# Looking for Work?



## ballpiefun (Mar 8, 2007)

I'm looking to employ somebody to help me with my cornsnakes. Mostly cleaning and feeding probably an hour each evening and all day Saturday or Sunday. I live in Eltham/Falconwood (London SE9). Please email me if you are interested. 

Cheers,
Patrick.


----------



## Daredevil (Jul 10, 2007)

ballpiefun said:


> I'm looking to employ somebody to help me with my cornsnakes. Mostly cleaning and feeding probably an hour each evening and all day Saturday or Sunday. I live in Eltham/Falconwood (London SE9). Please email me if you are interested.
> 
> Cheers,
> Patrick.


Will you pay?:lol2:


----------



## Gerry4292 (Apr 25, 2008)

bradhollands999 said:


> Will you pay?:lol2:


I think the phrase To Employ would answer that :lol2:


----------



## Daredevil (Jul 10, 2007)

Gerry4292 said:


> I think the phrase To Employ would answer that :lol2:


You never know. He might want it done for free.:lol2:


----------



## Prettyjoby (Aug 11, 2008)

I would so do this if I lived in London!


----------



## Daredevil (Jul 10, 2007)

Prettyjoby said:


> I would so do this if I lived in London!

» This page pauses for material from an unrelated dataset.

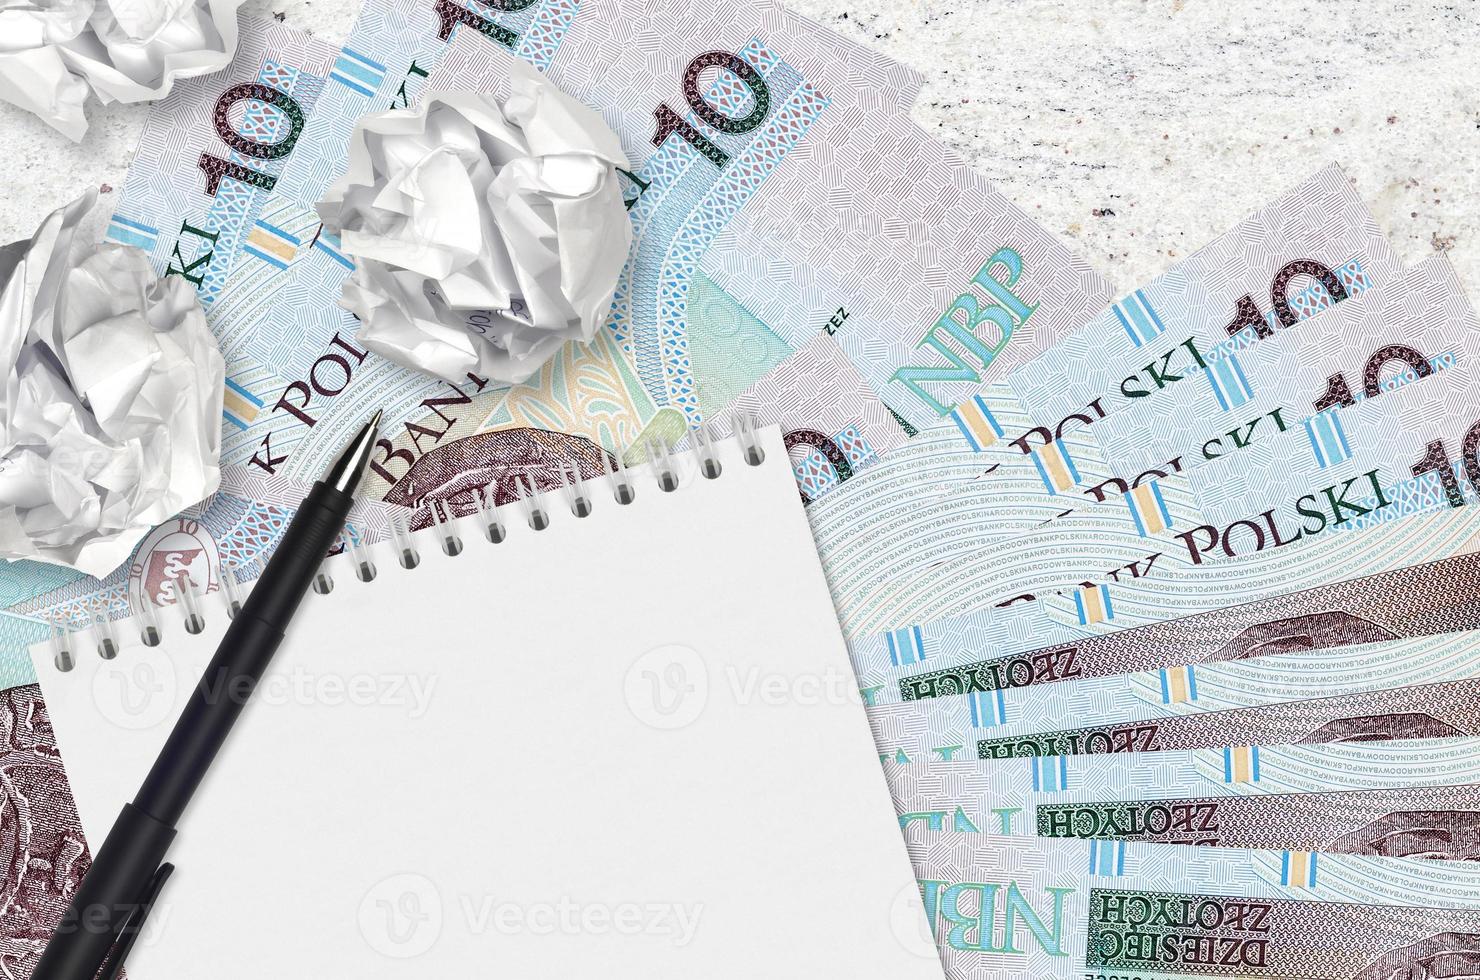 10 Pools zloty rekeningen en ballen van verfrommeld papier met blanco kladblok. slecht ideeën of minder van inspiratie concept. zoeken ideeën voor investering foto

I'm hoping to do it.:Na_Na_Na_Na:


----------



## ballpiefun (Mar 8, 2007)

Of course I will pay. What would be a fair rate?


----------



## ballpiefun (Mar 8, 2007)

Brad - Do you want to come around for a chat tomorrow? I'm not sure how old you are but if you are under 18 I should be grateful if you could get one of your parents/guardians to speak to me first. I have PM'd you my phone number.

Cheers,
Patrick.


----------



## nuggett5 (Sep 14, 2007)

you got pm


----------



## Daredevil (Jul 10, 2007)

ballpiefun said:


> Brad - Do you want to come around for a chat tomorrow? I'm not sure how old you are but if you are under 18 I should be grateful if you could get one of your parents/guardians to speak to me first. I have PM'd you my phone number.
> 
> Cheers,
> Patrick.


Yeah i've told me mum and dad and they're going to talk about it and i'll probably ring you tonight about it. I've just turned 17 by the way. What time is it alright to ring you this evening?


----------



## ballpiefun (Mar 8, 2007)

Hi Brads - You can ring any time. Whatever suits you best. Your Mum or Dad are quite welcome to come around too just to make sure it's a safe environment you'll be working in.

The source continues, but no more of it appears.